# webs in my viv



## DCreptiles (Jan 26, 2009)

hey guys ok i just went to the white plains reptile expo jan 25th and i purchased some moss from the guy i always get my moss from. i came home and i re did both my frog vivs with plants but only used the new moss on one tank. its now jan 27th woke up today and had lil webs going across the moss only not anywhere else in the tank just on the moss. what is this? and is it going to be fatal to my frogs? what should i do? the webs dont seem to be like any type of spider web iv ever seen it looks more sily and softer more of a cotton look then a fine stran. im going to attempt to take photos of the viv and webs now but my 7 megapixle camra cant seem to get clear shots so im going to try again now.


----------



## Julio (Oct 8, 2007)

well, you might have a spider or spider mites, i woudl get rid of the web to make sure the frogs don't get caught in there.


----------



## gretchenellie (Aug 7, 2007)

i agree with it being spider mites.. i had them in a mantella viv once, and they did some damage to my plants and moss..

my frogs loved to eat them though..


----------



## DCreptiles (Jan 26, 2009)

well are these spider mites fatal to my frogs? i mean they dont seem to mind the webs is there a way to get rid of them? or do i keep just getting rid of the webs?


----------



## NickBoudin (Nov 3, 2007)

It's a type of mold. I know what you're talking about. It almost looks like dandelion seeds , but much thiner and lighter right? They're clustering all over the surface?

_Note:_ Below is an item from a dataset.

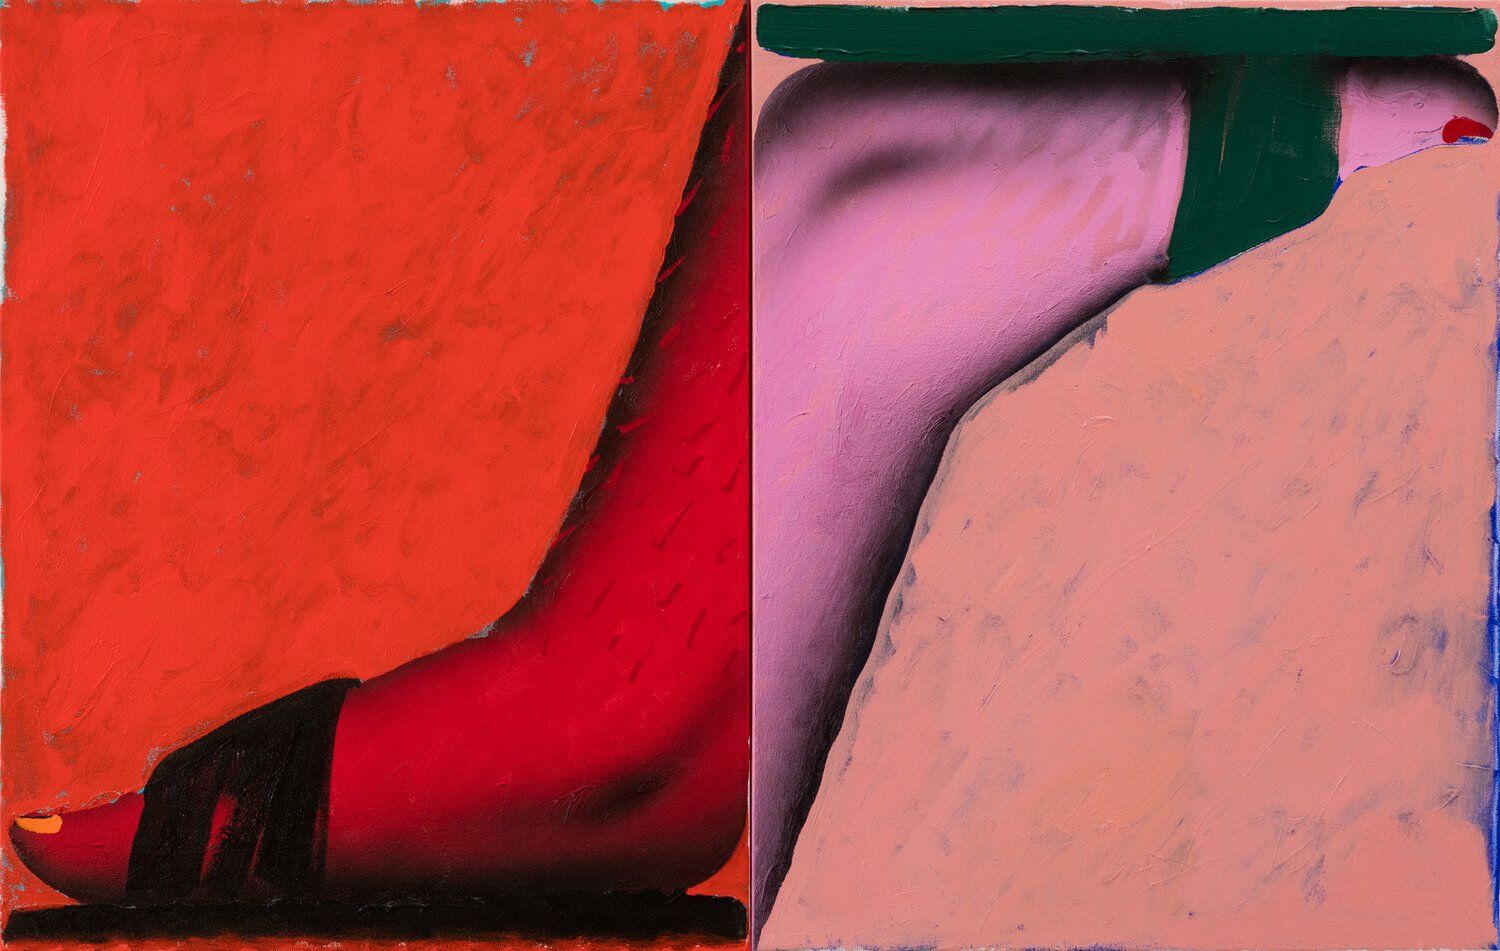 james english leary kouros feet red and pink

Not enough ventilation and too much humidity is my guess. It'll die down, just pick out what you can by hand.


----------



## GSXR_MURRHEE (Sep 16, 2006)

NickBoudin said:


> It's a type of mold. I know what you're talking about. It almost looks like dandelion seeds , but much thiner and lighter right? They're clustering all over the surface?
> 
> 
> Not enough ventilation and too much humidity is my guess. It'll die down, just pick out what you can by hand.

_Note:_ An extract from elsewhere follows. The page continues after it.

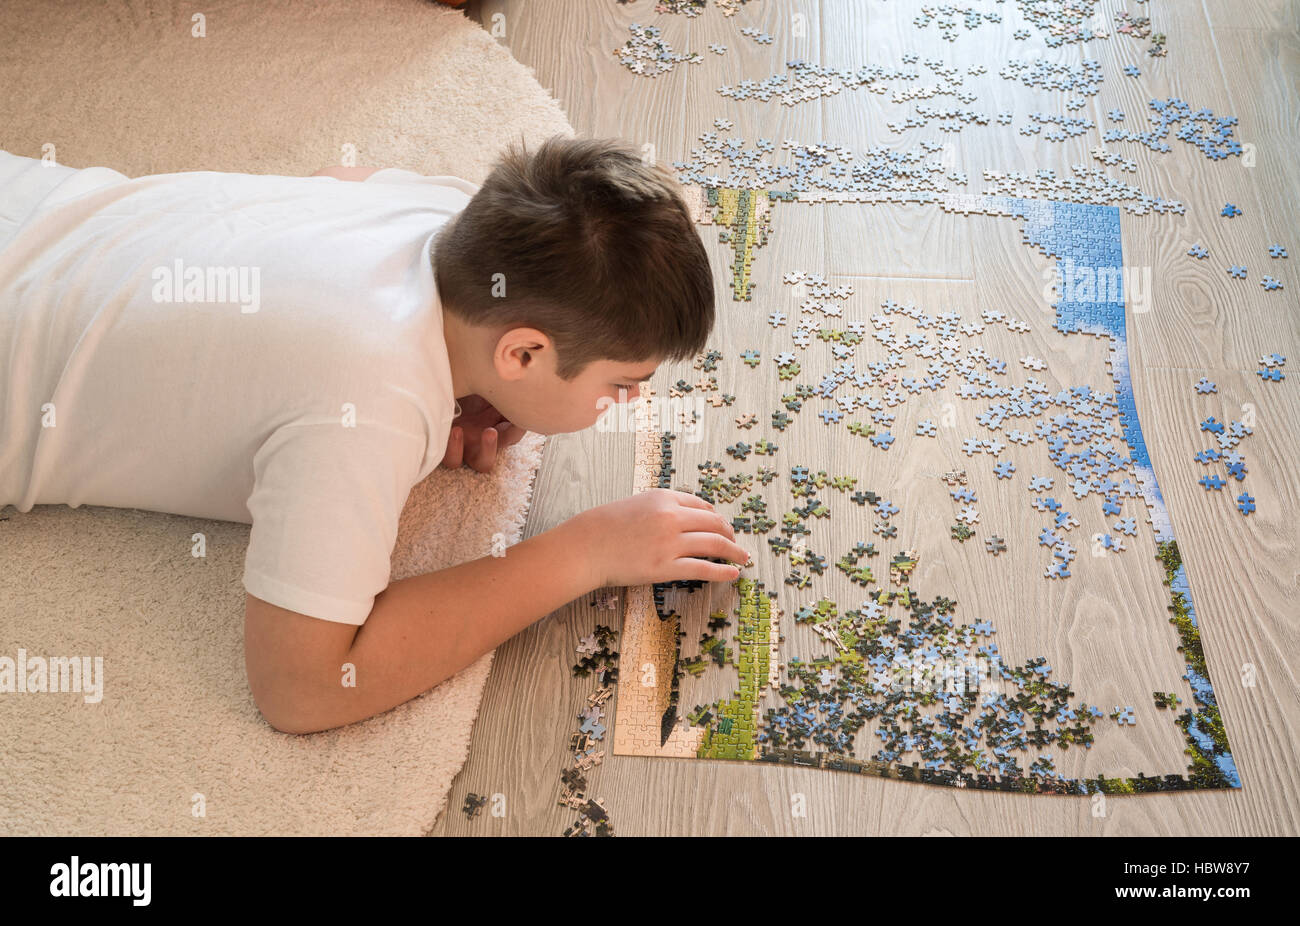 Teen boy collects a puzzle lying on carpet Stock Photo

That's what I was thinking too. I've had it in a couple of my tanks and just let it go away on it's own, or add some springtails to help it go away.


----------



## DCreptiles (Jan 26, 2009)

oh ok lol i was so shocked when it said spider mites. its not balls its webbing type but only on parts of the moss not anywhere else inthe tank. and i dont see any bugs besides fruit flys. so sinc ei thought it was spidermtes i just kinda brushed it off and it disapeared. im waiting to see if it will come back.


----------



## MeiKVR6 (Sep 16, 2008)

Web-ish looking mold across moss is sometimes just a normal part of the initial cycling process... So long as there aren't any spider mites - you are fine and it'll go away in time.  This stuff is NOT harmful to a frog - but I'd let the tank cycle for 2-3 weeks before introducing a frog.

edit: This is especially true in non-chemically treated moss. It ends up being better for the frogs in the long run.


----------



## DCreptiles (Jan 26, 2009)

this morning i checked the tanks again after had brushing off the web looking stuff lol and i look this morning and its only on the spots of the new moss i recently purchased its not anywhere else in the tank.


----------



## MrGerbik (Dec 18, 2006)

I bought moss from whiteplains too and have the same web stuff. Its mold definatly. Bought your stuff from the guy with the end table? sells them in clear plastic cartons.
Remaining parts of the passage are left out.